═══ Data
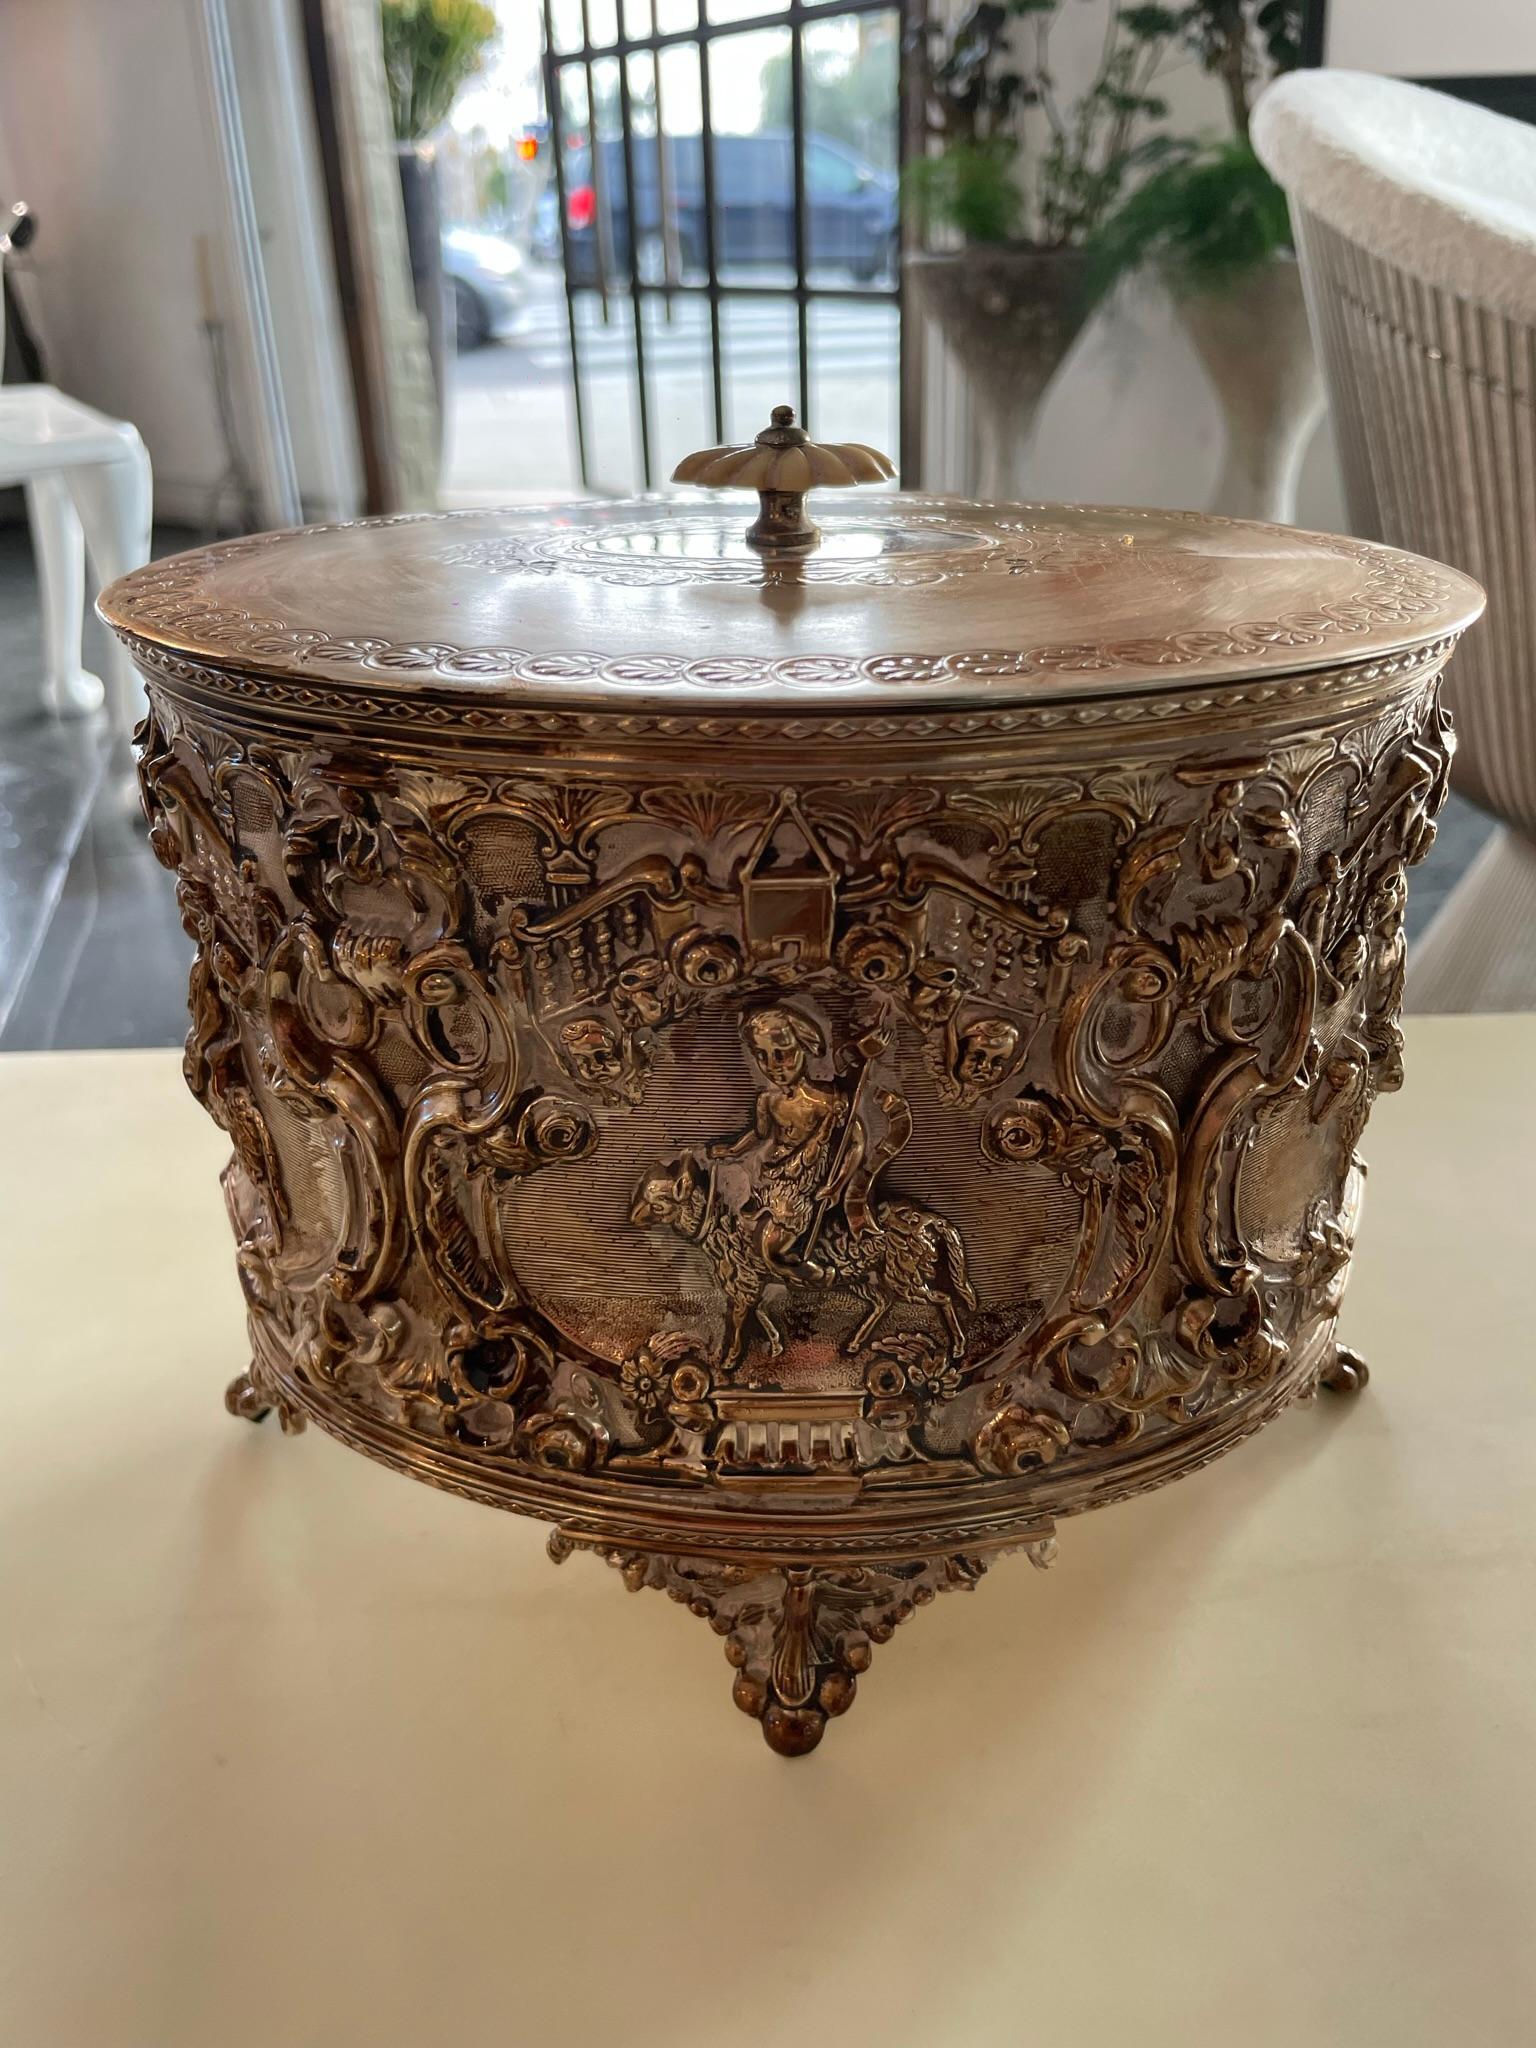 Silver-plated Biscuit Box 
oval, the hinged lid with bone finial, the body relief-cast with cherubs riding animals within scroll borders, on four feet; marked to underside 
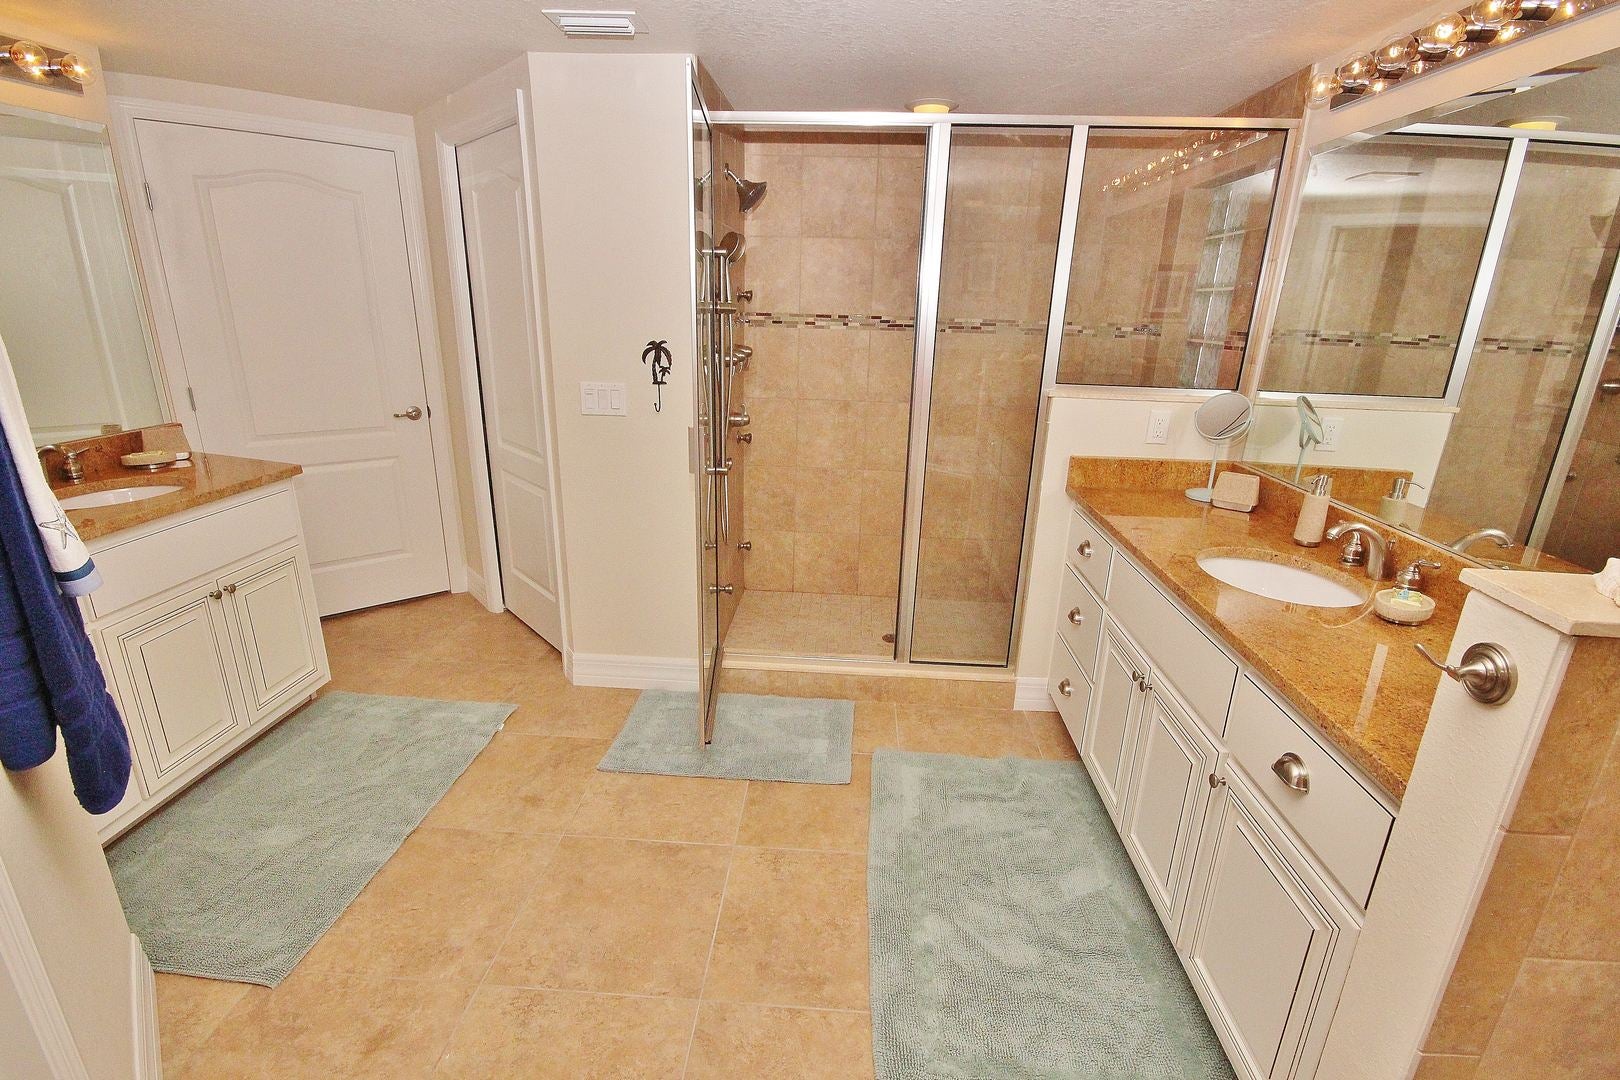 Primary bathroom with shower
══════
What the task requires -> Return the material above in exact form. Pictures stay out.

Answer to this exercise ->
 Silver-plated Biscuit Box 
oval, the hinged lid with bone finial, the body relief-cast with cherubs riding animals within scroll borders, on four feet; marked to underside 
 Primary bathroom with shower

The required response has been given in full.